Comment by loveparade
17 hours ago
For the long videos I just relied in ffmpeg to remove silence. It has lots of options for it, but you may need to fiddle with the parameters to make it work. I ended up with something like:
``` stream = ffmpeg.filter( stream, 'silenceremove', detection='rms', start_periods=1, start_duration=0, start_threshold='-40dB', stop_periods=-1, stop_duration=0.15, stop_threshold='-35dB', stop_silence=0.15 ) ```
This is absolutely gold, thank you for sharing the exact script!

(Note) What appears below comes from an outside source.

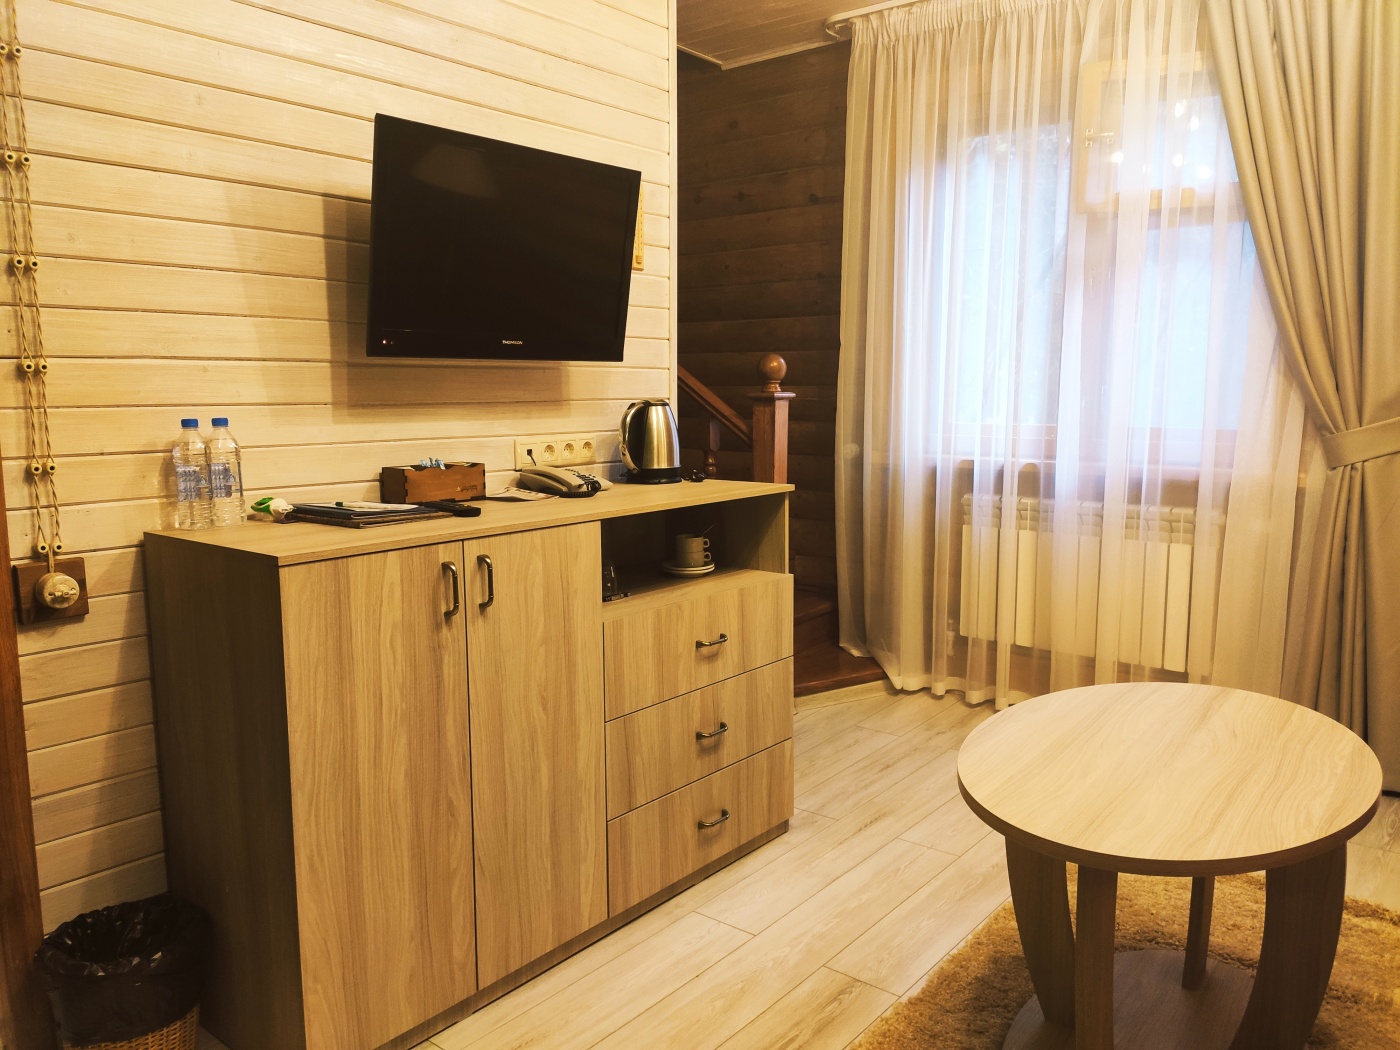  Дачный отель «Истра Holiday» Московская область Таунхаус с одной спальной комнатой, фото 2
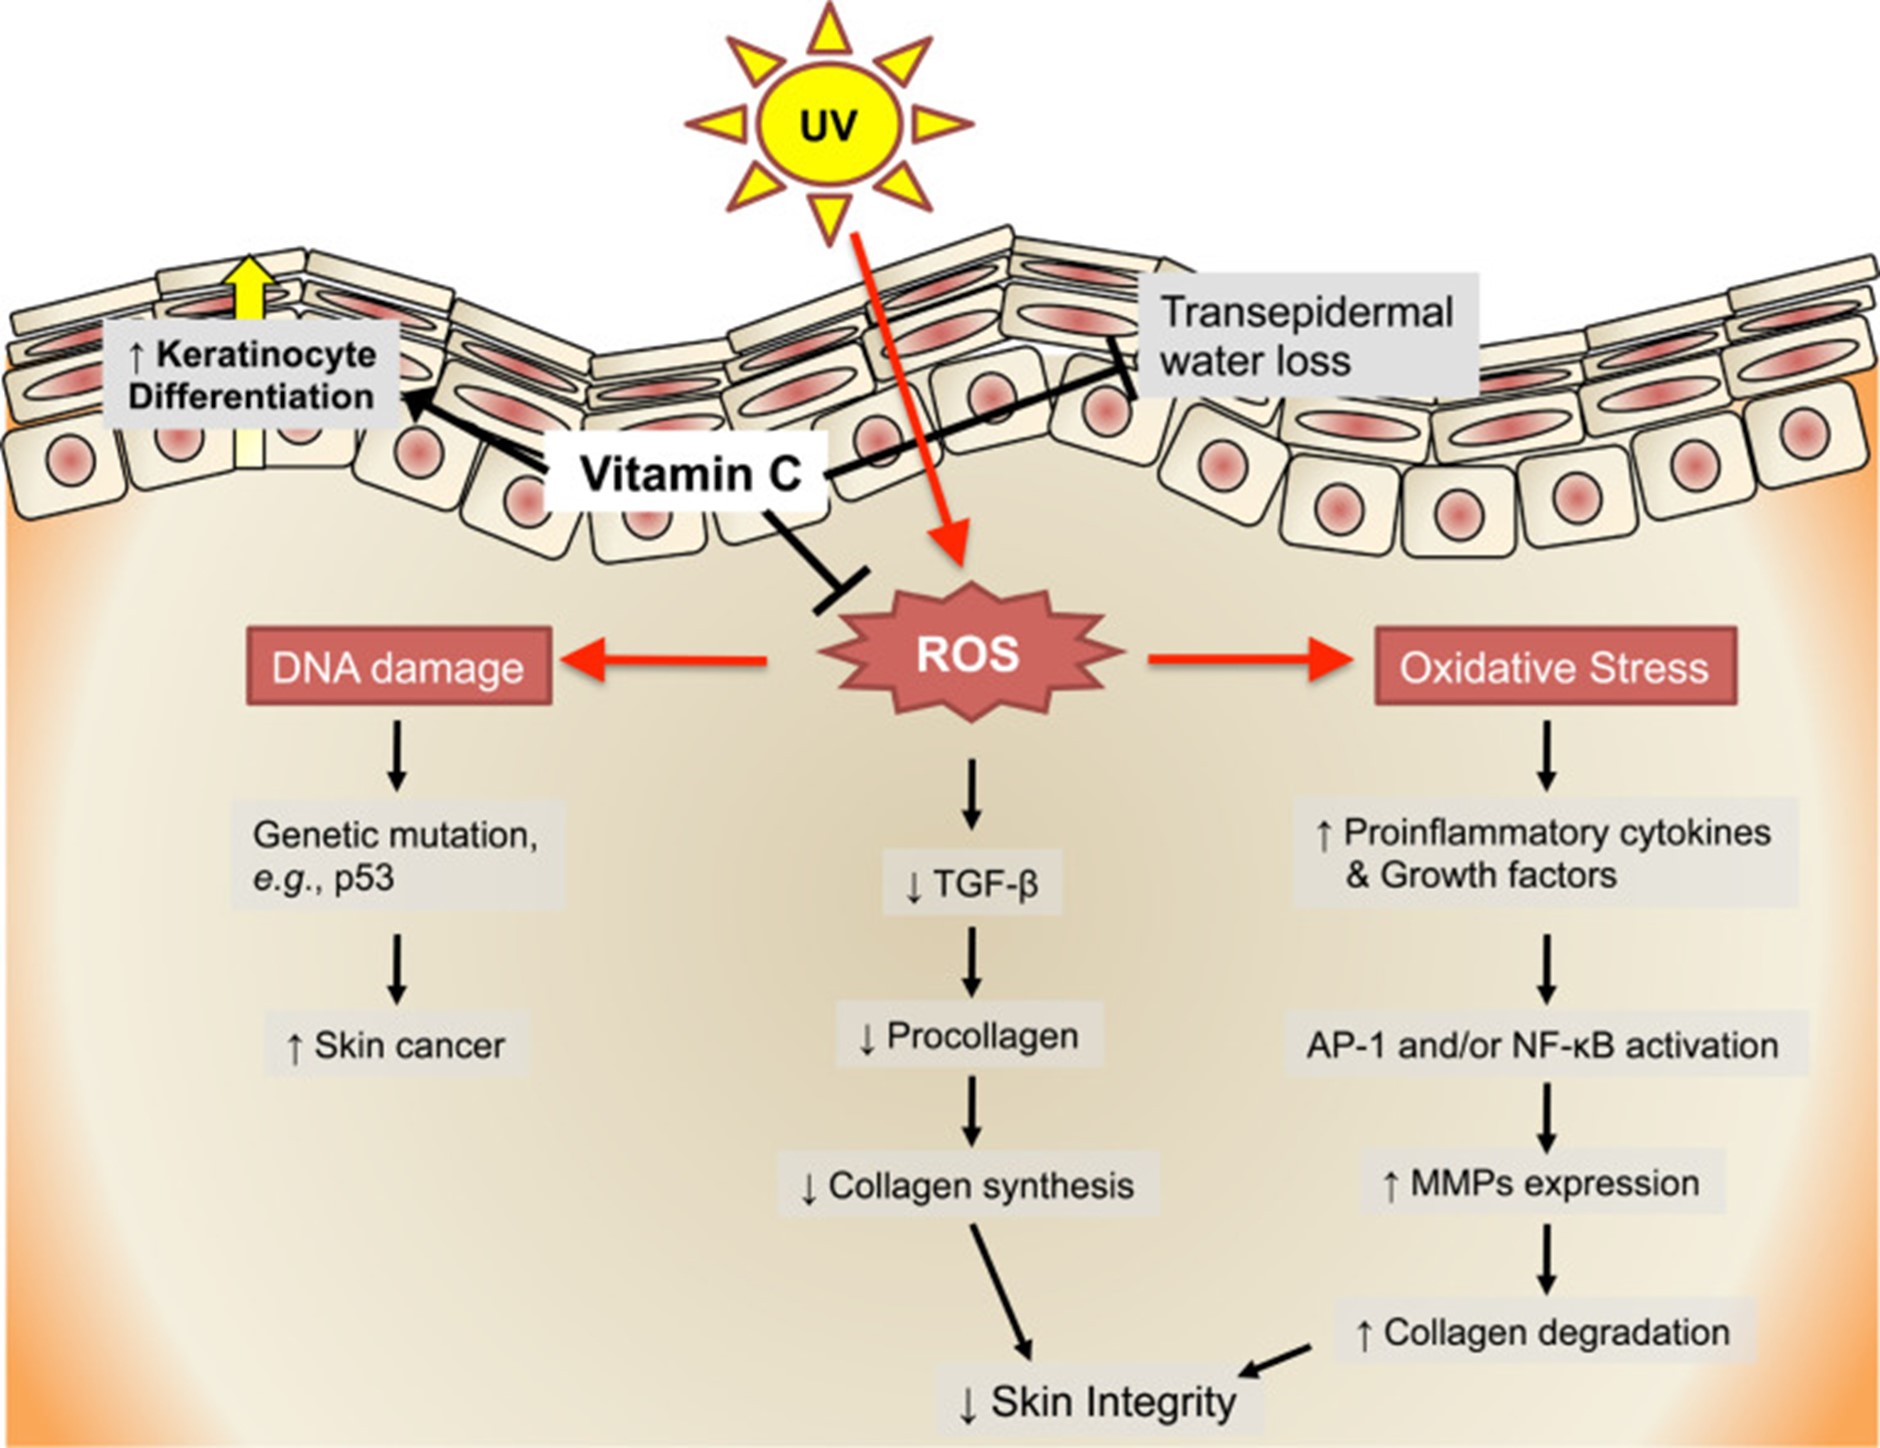 imagem da pele e os processos da vitamina c para formação de colágeno

That specific ffmpeg silenceremove filter is exactly the type of pre-processing step we were debating for handling those massive, lengthy live stream files before they hit the LLM. It's a huge performance bottleneck solver.
We figured ffmpeg would be the way to go, but having your tested parameters (especially the start/stop thresholds) for effective noise removal saves us a massive amount of internal testing time. That's true open-source community value right there.
This confirms that our batch pipeline needs three distinct automated steps:
URL/ID Harvesting (as discussed)
Audio Pre-Processing (using solutions like your ffmpeg setup)
LLM Transcription (for Pro users)
We will aim to make that audio cleaning step abstracted and automated for our users—they won't have to fiddle with parameters; they'll just get a cleaned transcript ready for analysis.
Thanks again for the technical deep dive! This is incredibly helpful for solidifying our architecture.